In 1707 he completed a set of seven small plates of the cartoons of Raphael, with a title-page composed of a sectional view of the apartment at Hampton Court Palace in which they were then placed, and a circular portrait of Queen Anne. This series, not having been published before as a whole, met with great success. But his most important work was a large engraving on three plates, finished in 1730, of ‘The Apotheosis of James I,’ from the painting by Peter Paul Rubens on the ceiling of the banquet house at Whitehall. None of his plates, however, give any adequate idea of the style of the masters from whom they are copied, and, as George Vertue remarks, ‘at best are neat memorandums.’

==Later career==
He also engraved some portraits, among which are those of William III and Queen Mary, after Fowler; Prince William, Duke of Gloucester, after Sir Godfrey Kneller; Frederick Schomberg, 1st Duke of Schomberg; James Butler, 1st Duke of Ormonde, after Dahl; Sir William Dawes, archbishop of York, after Clostermann; and a small full-length of Anthony Ashley-Cooper, 3rd Earl of Shaftesbury, after the same painter, for the edition of the Characteristicks issued in 1714. There is also by him a set of thirty-seven plates of designs for goldsmith's work, as well as a large number of vignettes and head- and tail-pieces for the decoration of books. Gribelin died in Long Acre, London, on 18 January 1733, aged seventy-two, from a cold caught in going to see the king in the House of Lords. There is in the British Museum a volume of all his smaller plates, collected by himself, which was formerly in Vertue's possession.

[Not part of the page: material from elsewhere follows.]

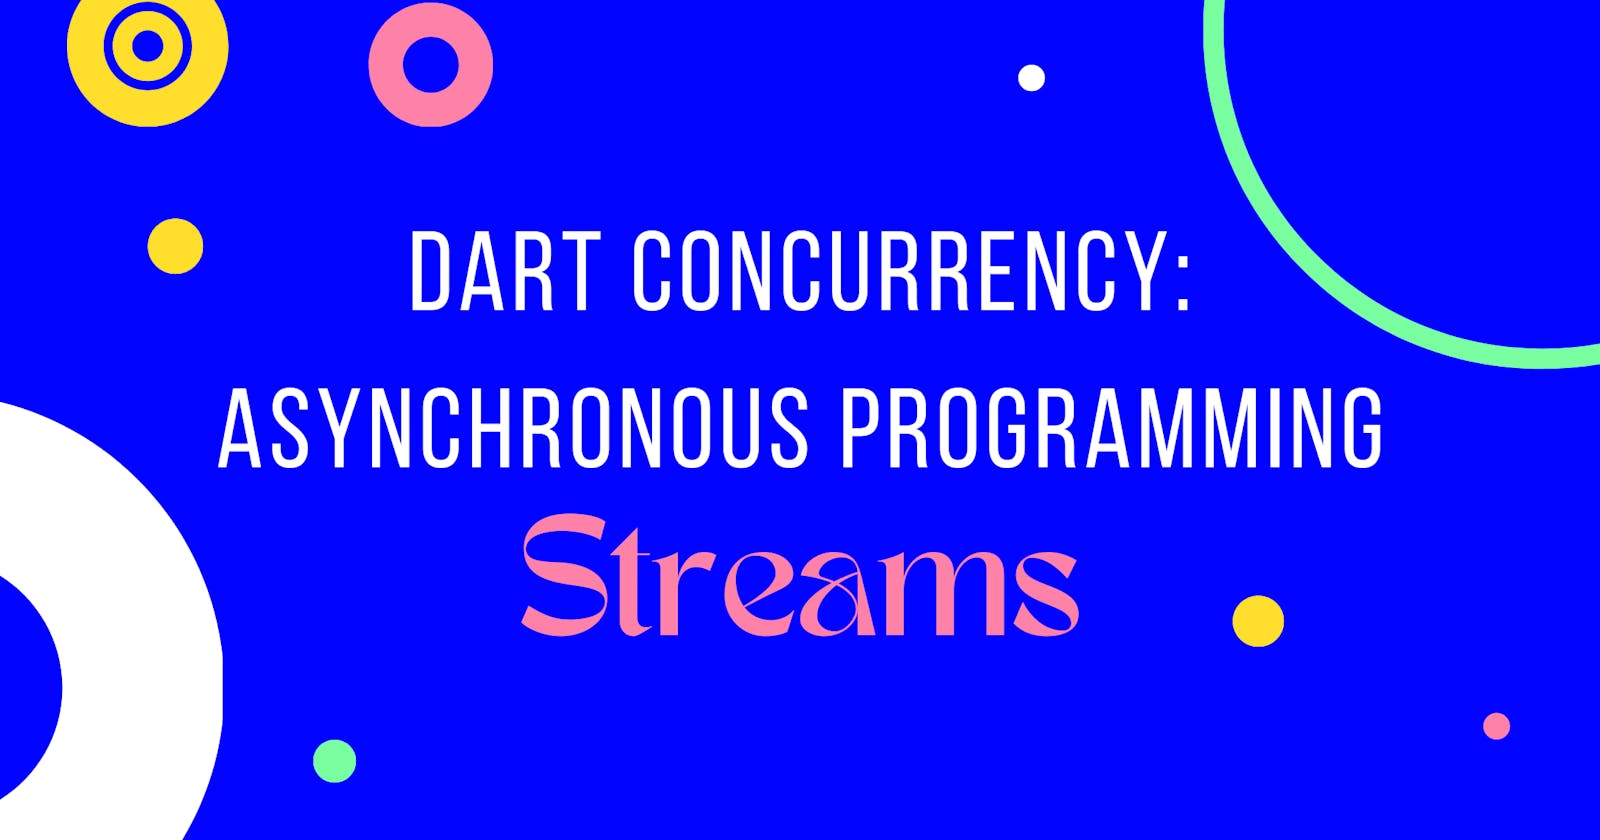 Dart Concurrency: Asynchronous programming
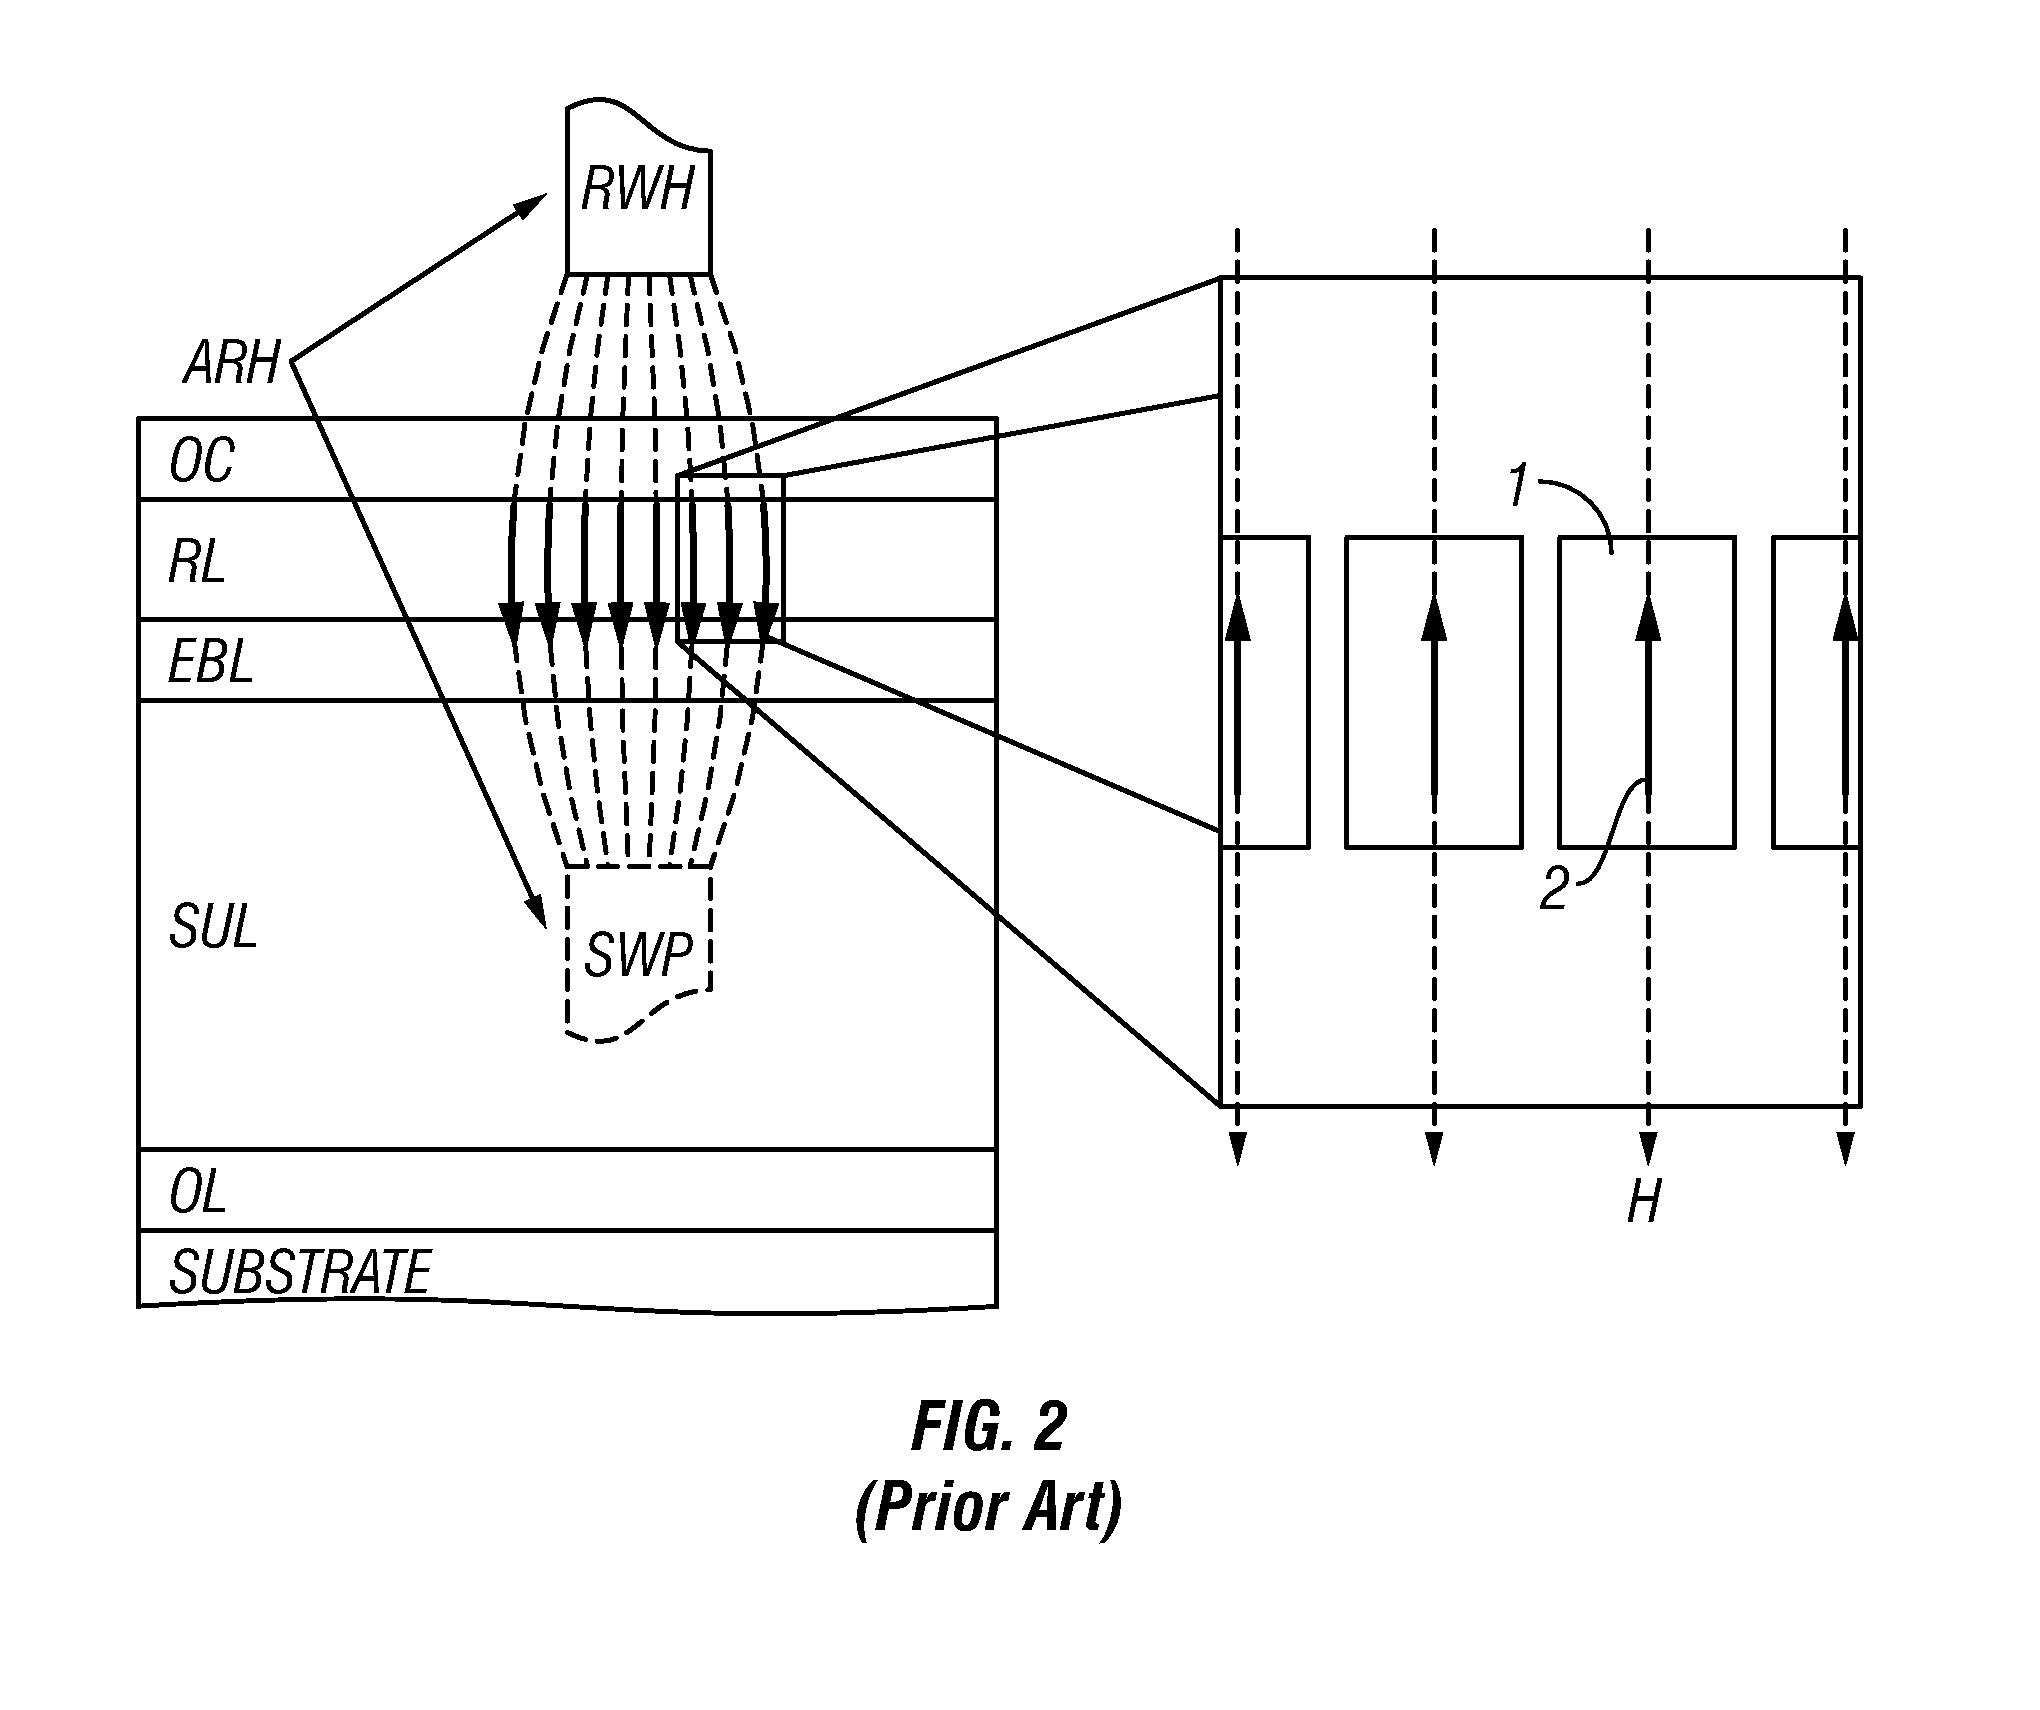 Perpendicular magnetic recording medium with an exchange-spring recording structure and a lateral coupling layer for increasing intergranular exchange coupling

==Consideration for Great Seal of the United States==
Historian Derek Davis notes that in 1776 a committee was appointed by the Continental Congress for creating an official seal. Its members were Benjamin Franklin, Thomas Jefferson, and John Adams. While Franklin and Jefferson proposed symbolism taken from the Book of Exodus, John Adams argued for a seal based on Gribelin's engraving "The Judgement of Hercules" which was an illustration in a book in his personal library. Adams' proposal did not gain support and a different design was eventually chosen.